Saturday 12 November saw hundreds of women converge in central London for the UK Feminista’s national conference –FEM11. The conference came at a pertinent time for women in the UK. The government has admitted it has a problem with winning women voters, after women’s organisations and activists noted that its cuts had disproportionately affected women and families. Concerns over healthcare, education, child benefits and legal aid have also all bubbled to the surface in recent months, and women’s activist groups and organisations have been at the forefront of pushing for measures that do not leave 51% of the UK’s population out in the cold.
All of which makes for a positively febrile atmosphere for a conference addressing issues on women and feminism. The Quakers Meeting House in Euston was packed with a diverse crowd of attendees, women (and men) from all different backgrounds brought together by an overriding concern that women’s issues were not being heard and that feminism is the tool to address it. A veritable who’s who of notable feminists were attending the event, from Sandi Toksvig to Samira Ahmed and Shami Chakrabarti, while the day was capped off with a London mayoral election debate between all the party candidates, with the exception of Boris Johnson, whose absence did not prevent a lively debate on issues ranging from rape crisis centres to women’s safety travelling in London.

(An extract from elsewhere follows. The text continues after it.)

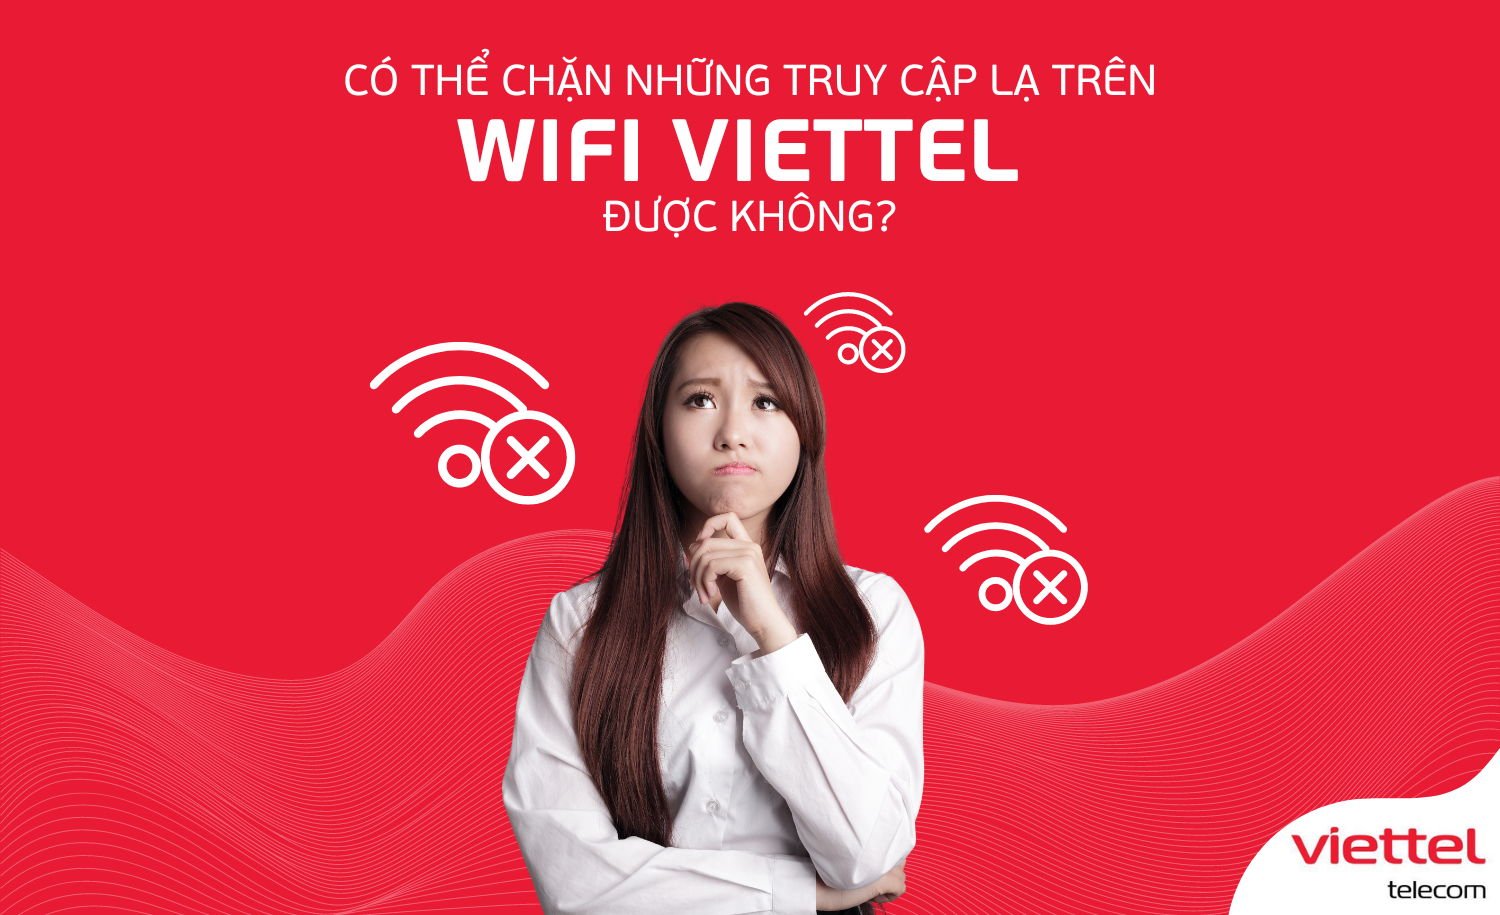 Có thể chặn những truy cập lạ trên wifi Viettel được không?

WRC was there on the day to host a workshop on examining the landscape for women’s organisations in the UK and what attendees could do to support women’s organisations in their area. We provided an overview of the political, economic and social landscape for women and the organisations they support, and then discussed how the change in government, the economic crisis and shifting attitudes had impacted on the work undertaken by women’s organisations. Many women were keen to know more about the localism bill, about funding problems for women’s organisations and, encouragingly, what they could do to help.
The workshop discussed what could be done, from volunteering, to using social media, to mapping where organisations were (or weren’t) in different regions, to petitioning local government to provide more support. A lively 10 minute exercise on how to develop a campaign for women’s organisations produced some great ideas on how to help – from contacting local business networks to using universities to link in with women’s organisations. The atmosphere was enthusiastic and focused – and it was encouraging to see so many young women from schools and universities so keen to support their local women’s organisations.
Afterwards, a stroll around the different stalls and gathered groups revealed dozens of enthusiastic conversations about feminism, women, government, politics, social justice and, most crucially of all, the best methods of change. It is almost a cliché nowadays to write of these ‘days of austerity’, but the fact remains that our current situation is a challenging one. All the more important, therefore, that events such as FEM11 take place, and remain so popular. Feminism is the lever by which we can change the situation for women – and women’s organisations – in this country for the better. It was great to be part of a day where this is recognised and applauded.